Are College Roommates a Thing of the Past? The Burlington Housing Situation Gets Inexplicably Worse

BURLINGTON – As Vermont colleges continue to struggle with how and whether to open in the Fall, Burlington’s two schools, Champlain College and the University of Vermont, have made plans to address social distancing and safety for its residential students.

The University of Vermont will turn all of its doubles and triples into singles. This will create a significant shortage of beds for residential students. Initially, UVM thought it would ease its on campus requirements for Freshman and Sophomores and send all of these students to off campus housing. It quickly realized this was unrealistic since its juniors and seniors already occupy 99.5% of all residential rentals in Burlington. The other .5% are already booked as Airbnbs for the Fall foliage season.

Instead, given they are no longer needed by the hospital, the University will assume responsibility for the beds that had already been set aside for COVID patients in Patrick Gymnasium.

 Students will be given their own bed, a chest of drawers, computer desk and port-o- potty.
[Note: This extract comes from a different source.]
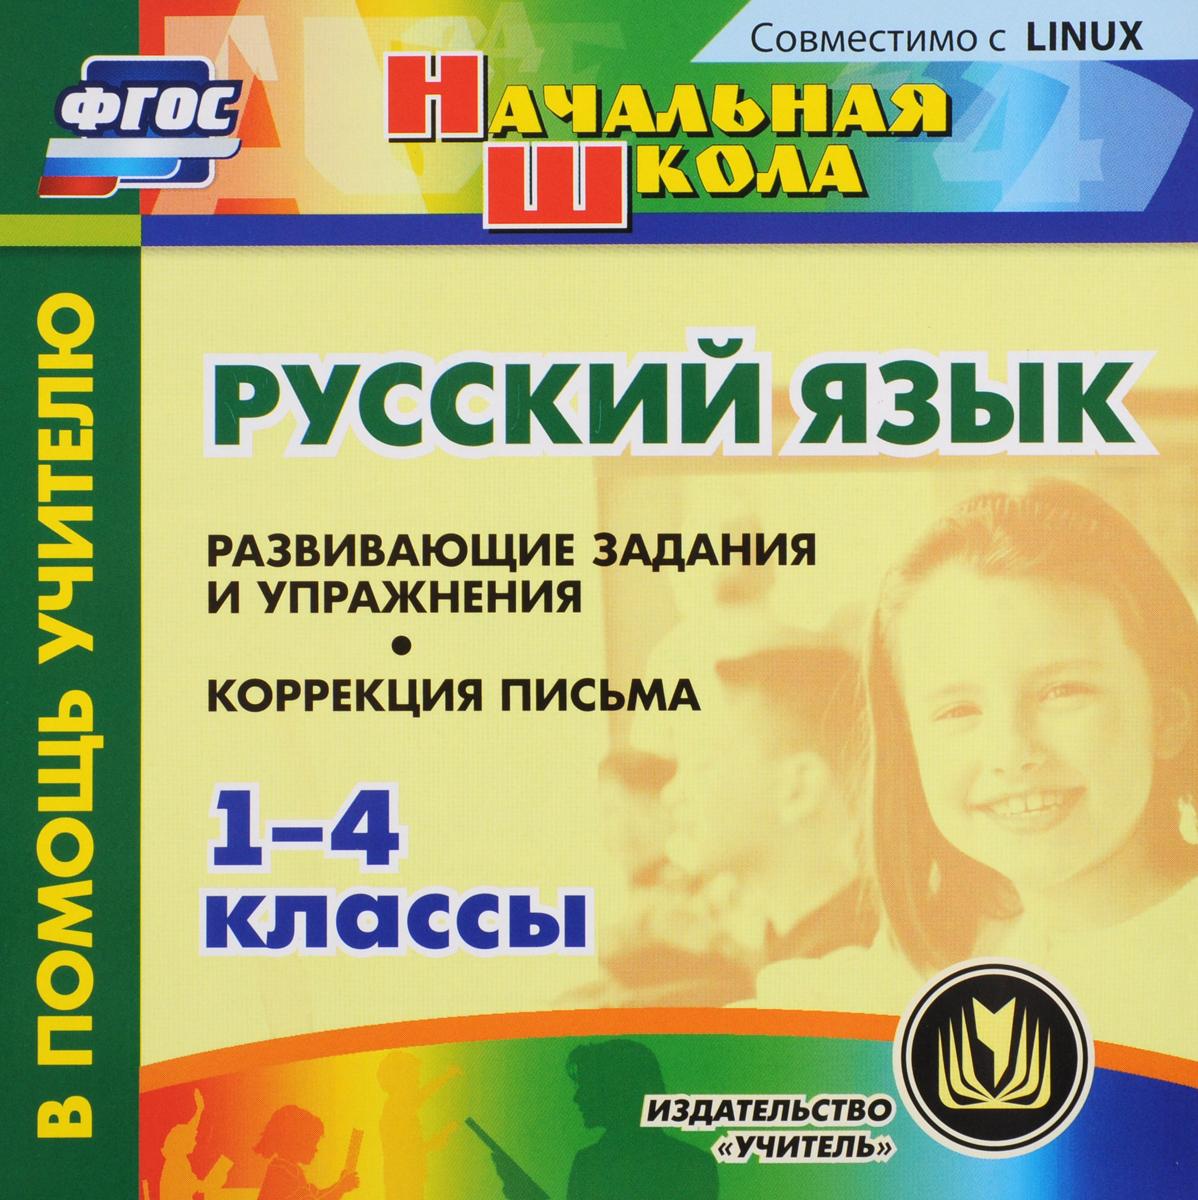 Русский язык. 1-4 классы. Развивающие задания и упражнения. Коррекция письма

Each port-o- potty will have a special garden hose hook up to allow for showers. A UVM spokesperson indicated that port-o-potties will support the University’s sustainability efforts. “Better”, she reported, “to recycle beer into chemical waste removal facilities then have them flowing from urinals, to sewers into Lake Champlain.”

If there is still a need to house more students, they will be bunked at Gutterson Fieldhouse. Beds will be set up over the ice. Only students from Vermont will be housed there. “After all, the spokesperson added, “they are used to the cold.”

 Champlain College is taking a different tack.  Its spokesperson reported that the college will not alter its residential housing structure. 

The Champlain spokesperson advised that, “We think it crucial to preserve the residential college experience. For Champlain students, most of whom major in cybersecurity and gaming, that typically means they never come out of their rooms.” The spokesperson added, “Our students are geeks and proud of it. They never need to socialize in the flesh.”   Instead, Champlain students are well known to sit in their rooms dimly lit only by their laptops or desktops, hacking away at military websites, solving Vermont cold cases or playing on Fortnight. When they do emerge from their rooms it is to go downstairs in their pajamas or sweats to pick up their daily Domino’s delivery (or for students whose parents provide a better allowance, Leonardo’s).

Furthermore, they are typically housed in former Victorian mansions where large rooms allow the six feet between one student’s desk and bed and their roommates. Bathroom and shower visits will be scheduled on a student developed app.

The Champlain spokesperson concluded the interview by summarizing Champlain’s new core value.  “Let us dare to let students learn from the necessary isolation to survive in the COVID world. We look forward to their return in the fall.”

In order to assess the student view of these developments this reporter went virtual and found a UVM and Champlain student in Second Life.

The UVM student, who is, not unexpectedly, involved in the STEM Program, was located at the cyber Delta Tau Chi fraternity from Animal House. Their avatar is a Budweiser Clydesdale. “Dude, we are all in and waiting for beer pong on center court.”

I tracked down the Champlain student, a Steve Jobs avatar, in Jobs’ parent’s garage where he invented the Apple computer in 1976. “Look,” the student earnestly said, “if Steve could stay in his garage for days on end without eating anything but pizza, I certainly can do that in a college dorm room.”

Mayor Weinberger applauded both plans. “We need the vitality that the students bring to Burlington. I will, however, appoint separate committees to look at certain concerns. The first will explore allegations that Champlain students are really cyborgs funded by the dark web. The second will determine whether the noise that will emanate constantly from Patrick Gymnasium and Gutterson Fieldhouse will exceed acceptable safety levels. I am confident neither committee will make a finding that is averse to this plan. If Champlain students are cyborgs, they clearly have the technology not to have this discovered. As for the noise levels, earbuds, and texting have significantly reduced noise levels since no one talks to each other anymore. Besides, this has a high noise threshold to meet versus the F-35s.”